|
Centre streamlines FIPB norm for NBFC
AGENCIES
NEW DELHI, May 1: In a major move to streamline foreign direct investment
proposals of non-banking financial services sector, the government today
amended the guidelines for consideration of such proposals, cleared by the
Foreign Investment Promotion Board (FIPB).
The new guidelines, which are more elaborate and transparent, have been
designed in consultation with the Reserve Bank of India and Securities and
Exchange Board of India (SEBI) keeping in view the recent amendments in the
RBI act.
The guidelines provide opening up of only 14 sub-sectors of financial sector
including housing finance and leasing and finance, for the majority holding
foreign non-banking financial companies.
The government has made clearance from FIPB mandatory for all foreign equity
investments in the non-banking services sector.
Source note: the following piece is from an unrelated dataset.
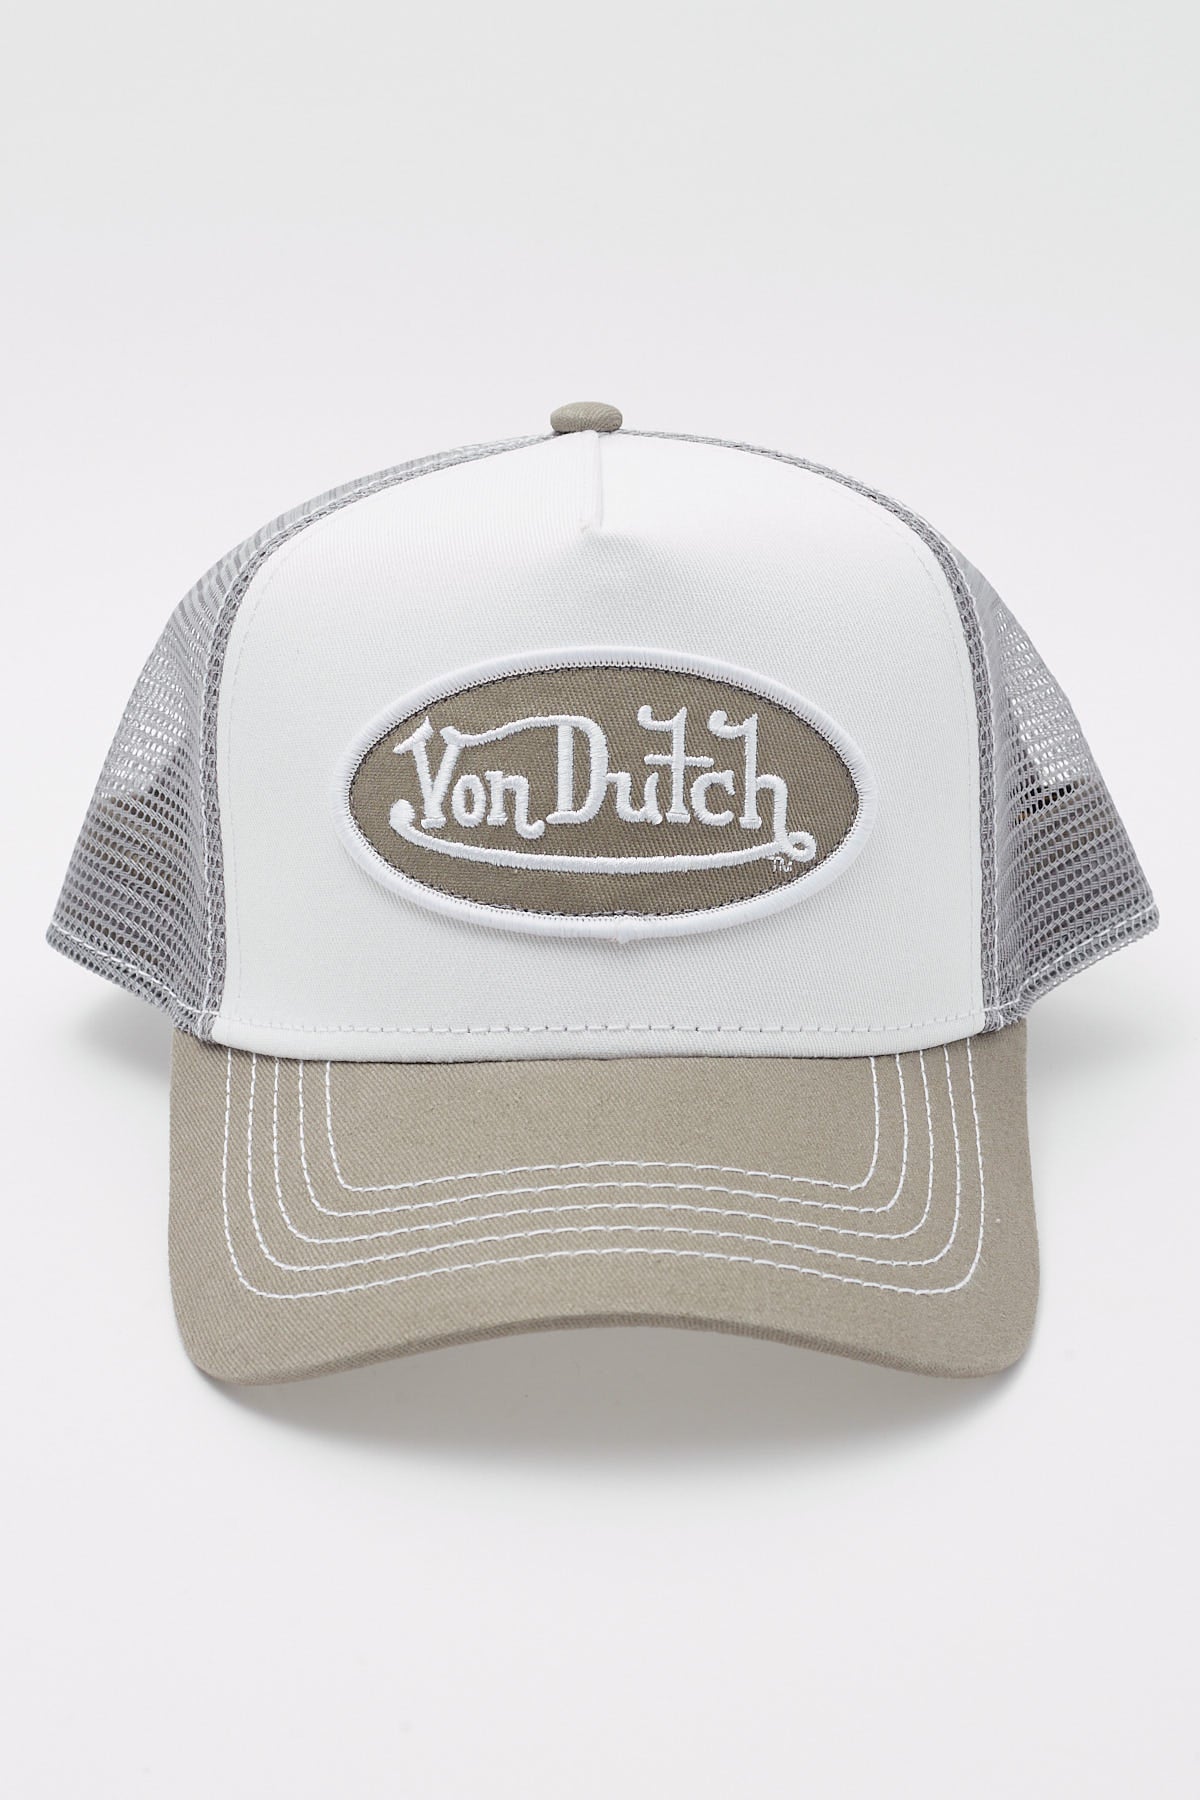 Von Dutch Grey & White Trucker White/Grey

Under the amended FIPB guidelines for foreign equity participation in
Non-Banking Financial Companies (NBFCs), the government has permitted
investment in areas including merchant and portfolio management services
apart from fixing capitalisation norms.
The guideline has stipulated that a minimum market capitalisation of 0.5
million dollar foreign equity is less than or equal to 51 per cent and 5
million dollars if foreign equity is more than 51 per cent but less than or
equal to 75 per cent, an official release said here today.
Where foreign investment is more than 75 per cent, the market capitalisation
requirement has been fixed at 50 million dollars.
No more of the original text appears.